**WHAT YOU ARE ASKED TO DO**
Working through the data below, reproduce word for word the line with "How Many Light-Years to Babylon? Vol.1 Ch.5" and every line after it, both ends included, and omit the pictures.

**DATA EXCERPT**
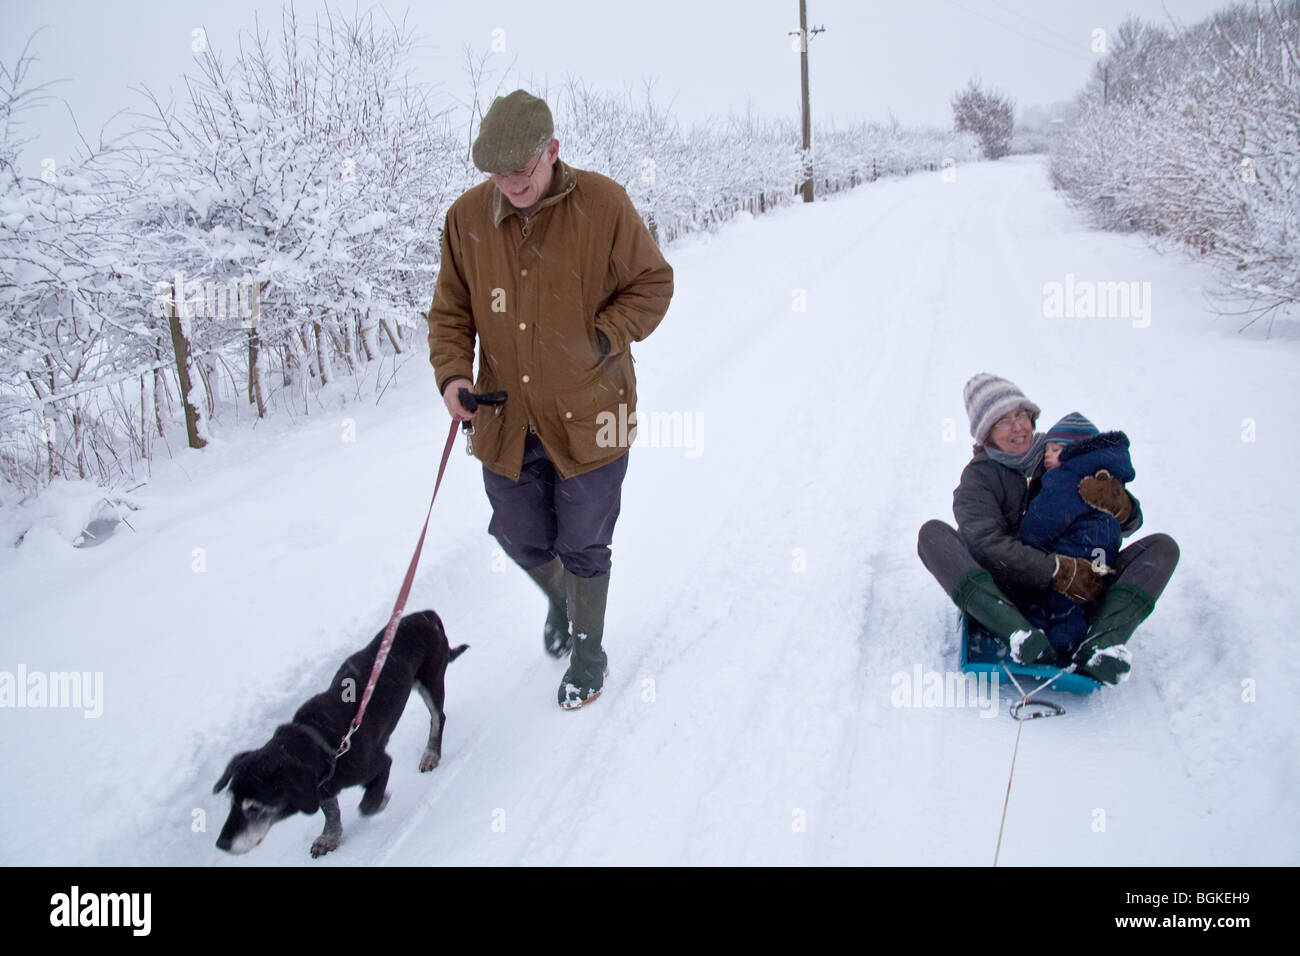 Sledging or tobogganing in the snow, Hampshire, England Stock Photo
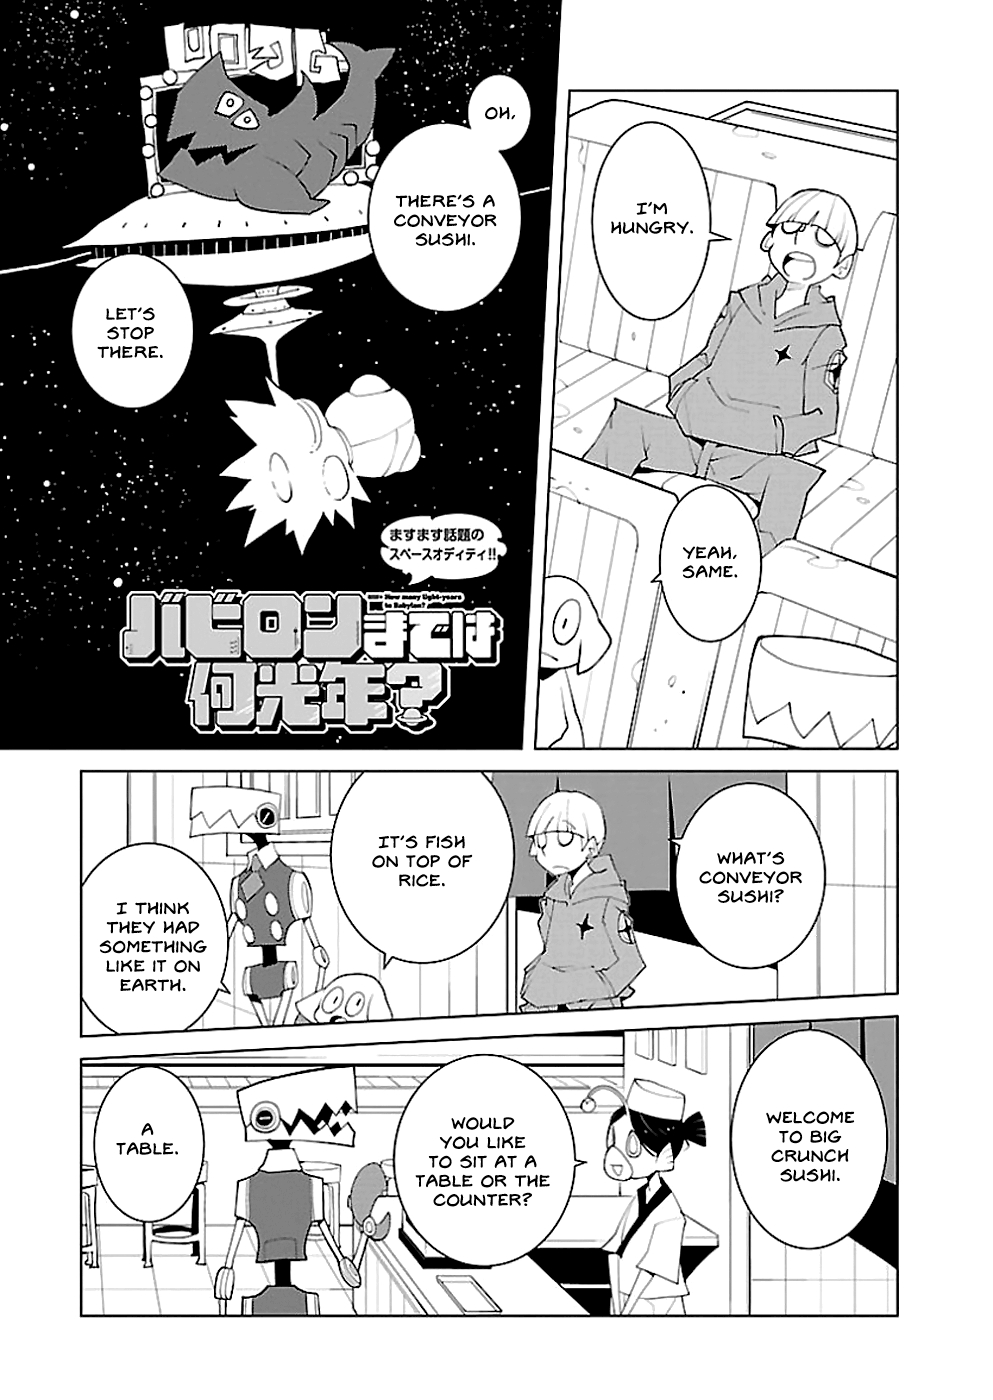 How Many Light-Years to Babylon? Vol.1 Ch.5
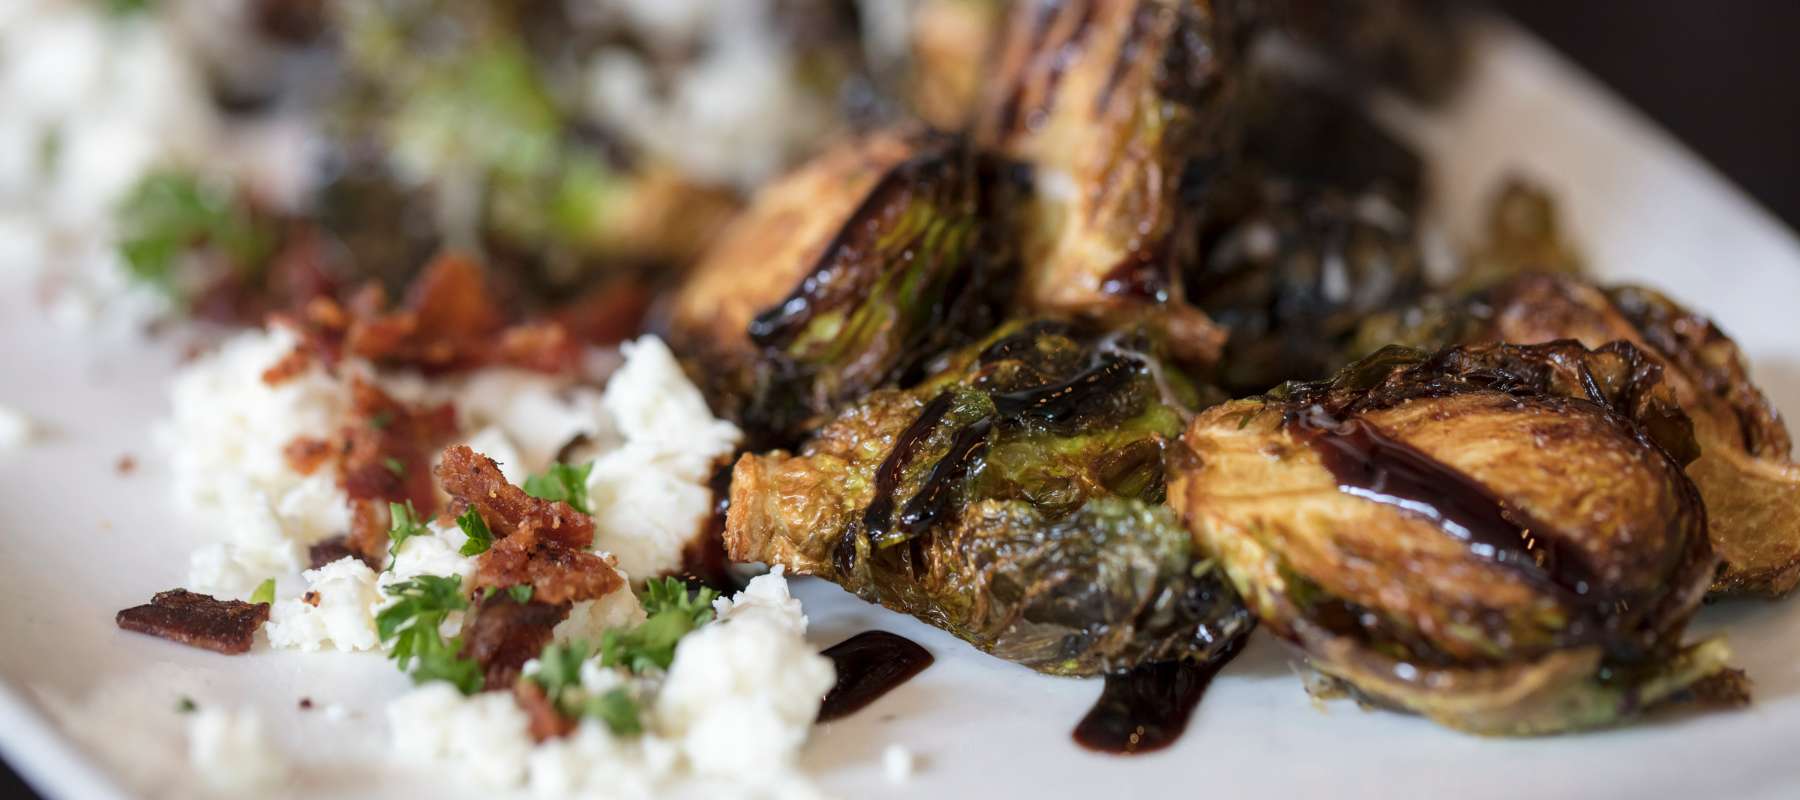 Roasted brussels sprouts with balsamic & bacon

**SOLUTION FOR THIS TASK**
 How Many Light-Years to Babylon? Vol.1 Ch.5
 Roasted brussels sprouts with balsamic & bacon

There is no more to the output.